Hybrid cache eviction policy for near caches in spatially distributed cache platforms.
Publication Date: 2014-Jan-28
The IP.com Prior Art Database
A distributed cache is an extension of the traditional concept of cache. It is a cache that spans multiple servers so that it can grow in size and transactional capacity. It is mainly used to store application data or web session data. The concept of a Near Cache is to store frequently accessed data by a client on the client node itself. In case the data is not present in the near cache it will have to be fetched from the distributed cache and this would involve 1) Identifying the node where the data is stored based on the hash value of the key. 2) Making an RPC (Network) call to fetch the data from that node. This is much slower than local memory access due to multiple RPC calls the client has to make. The Near cache will contain data that is most recently or most frequently used by the client and that the data may originally have been fetched from various nodes in a distributed caching topology. Near Caches have eviction policies based on time of creation of entry, time of use of entry, lifetime of the entry in the cache etc . Typical eviction policies used for Near Caches are Least Recently Used(LRU), Least Frequently Used(LFU) and a Hybrid of both based on weighted averages. However these policies do not take into consideration a very important function and that is the latency to repopulate an entry in case of a cache miss. This is a very important factor that is not used currently when deciding which entry to evict from the cache. Consider a scenario where we have entries that take a longer time to fetch from the distributed cache due to - lesser network speed or network latency or network congestion or data proximity. In such cases the cache eviction algorithm evicts these entries from the cache even if there are other entries of the slightly older age or of slightly less frequent usage that take much less time to fetch from the remote nodes. With traditional cache eviction methods like LRU, LFU works for traditional caching systems where there is single source of data, the same techniques would not suffice for spatially distributed sources of data. The worst case scenario is - where the application requests for a cache entity whose cost of fetching is way above the other elements in the cache but accessed "Relatively" less frequently/less recently. Hence we need an optimal eviction mechanism that caters to the distributed cache context.
Page 01 of 3
Hybrid cache eviction policy for near caches in spatially distributed cache platforms .

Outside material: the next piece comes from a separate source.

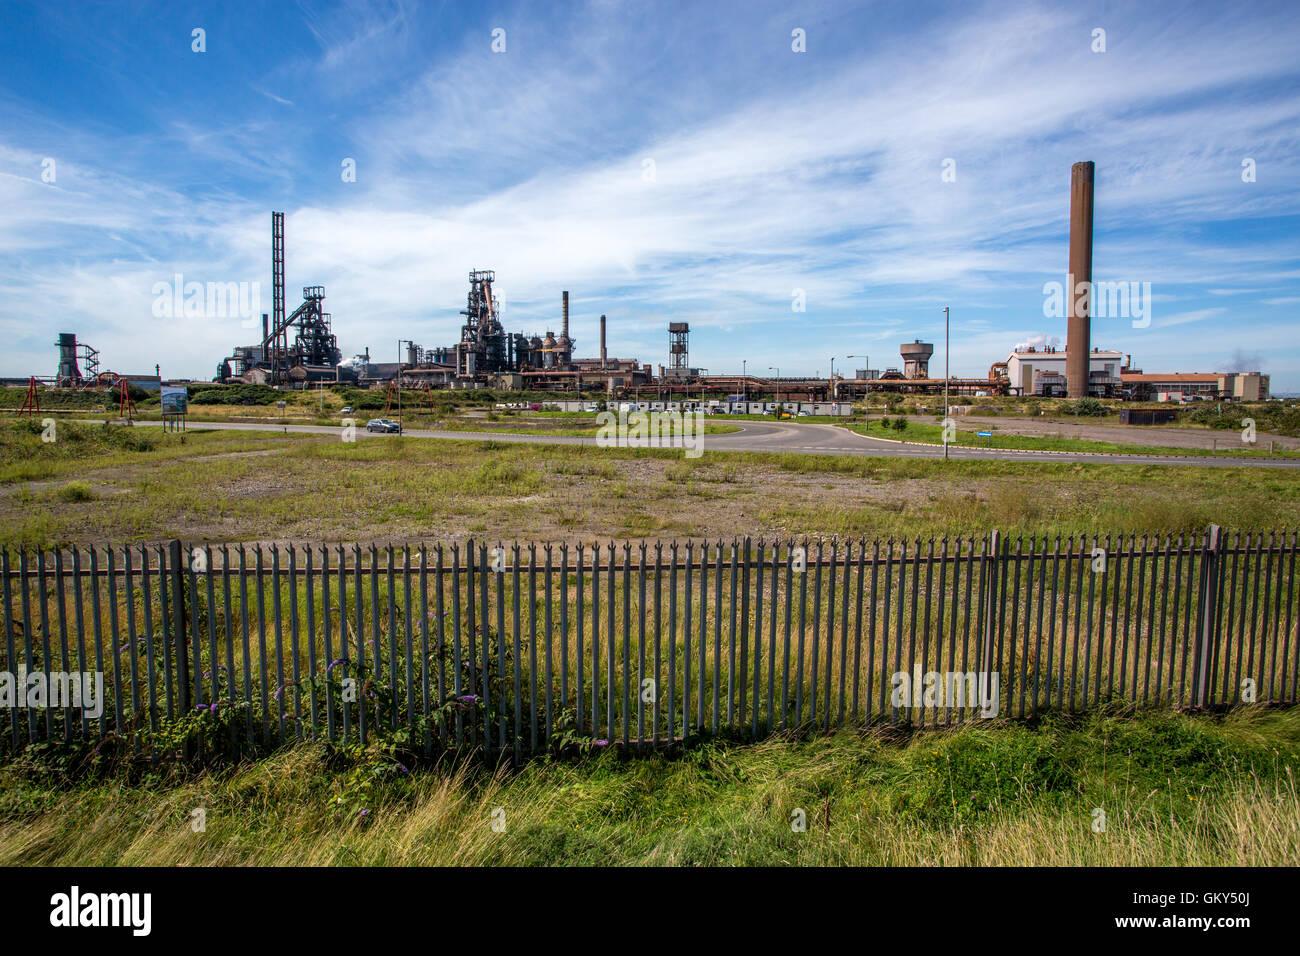 Port talbot, Port talbot steel works, steelworks, porttalbot, wales, uk, steel, works, industry, strike, job, jobs, Stock Photo

Prior Art: There are cache eviction mechanisms based on TTL (Time To Live). The disclosed technique proposes a new cache eviction policy for Near Caches in distributed caching products like Extreme Scale that is based on the fetch time for records from respective nodes. This is different from the TTL based cache eviction policy.
The core concept is "In a distributed caching system where the data is spread across multiple nodes that are spatially distributed, a hybrid eviction policy is proposed that dynamically computes the cost of fetching the data from its source and uses it as a factor while evicting the data elements from the near cache" to optimize the overall application performance.
In the disclosed technique we propose multiple cache eviction policies that take into account the fetch time for deciding which entry to evict in addition to the standard factors like time since last access and frequency of access.
Page 02 of 3
In Figure 1 we show different records that are fetched into the near cache from different nodes. Each record R(i) is fetched from node N(i). If the time taken for fetching a record from
node N(i) is T(i) then that is the factor that we will inspect to evaluate whether to discard an entry from the near cache. T(i) will vary based on a number of criteria, like the - distance of the Node N(i) from the near cache, the load on the network connection N(i) to the node on which the near cache is located etc and so can be dynamic i.e. the fetch time can vary with time and so to account for that variation we are proposing a time window to evaluate T(i).
T(i) = Σn (fetch time)/n
Thus T(i) is an average of fetch times for a node in a given window of time. We say, the fetch times for a node because all the entries fetched from a node in a distributed cache would have similar fetch times and therefore we will only maintain the set of fetch times for each node in the distributed cache from which records have been fetched. The values are maintained for a configurable time window. Each record in the near cache will have metadata that identifies the remote node from which it was fetched.
Thus we can have T(i) as the median fetch time for remote accesses to N(i) in the given time window or we can have it as an average of fetch times for remote access to N(i) for the same time window. The basic idea is to evict entries that have the minimum fetch time from the cache. This will be combined with the LFU and LRU algorithms to create a hybrid cache eviction policy. We will also evict entries after a certain TTL to ma...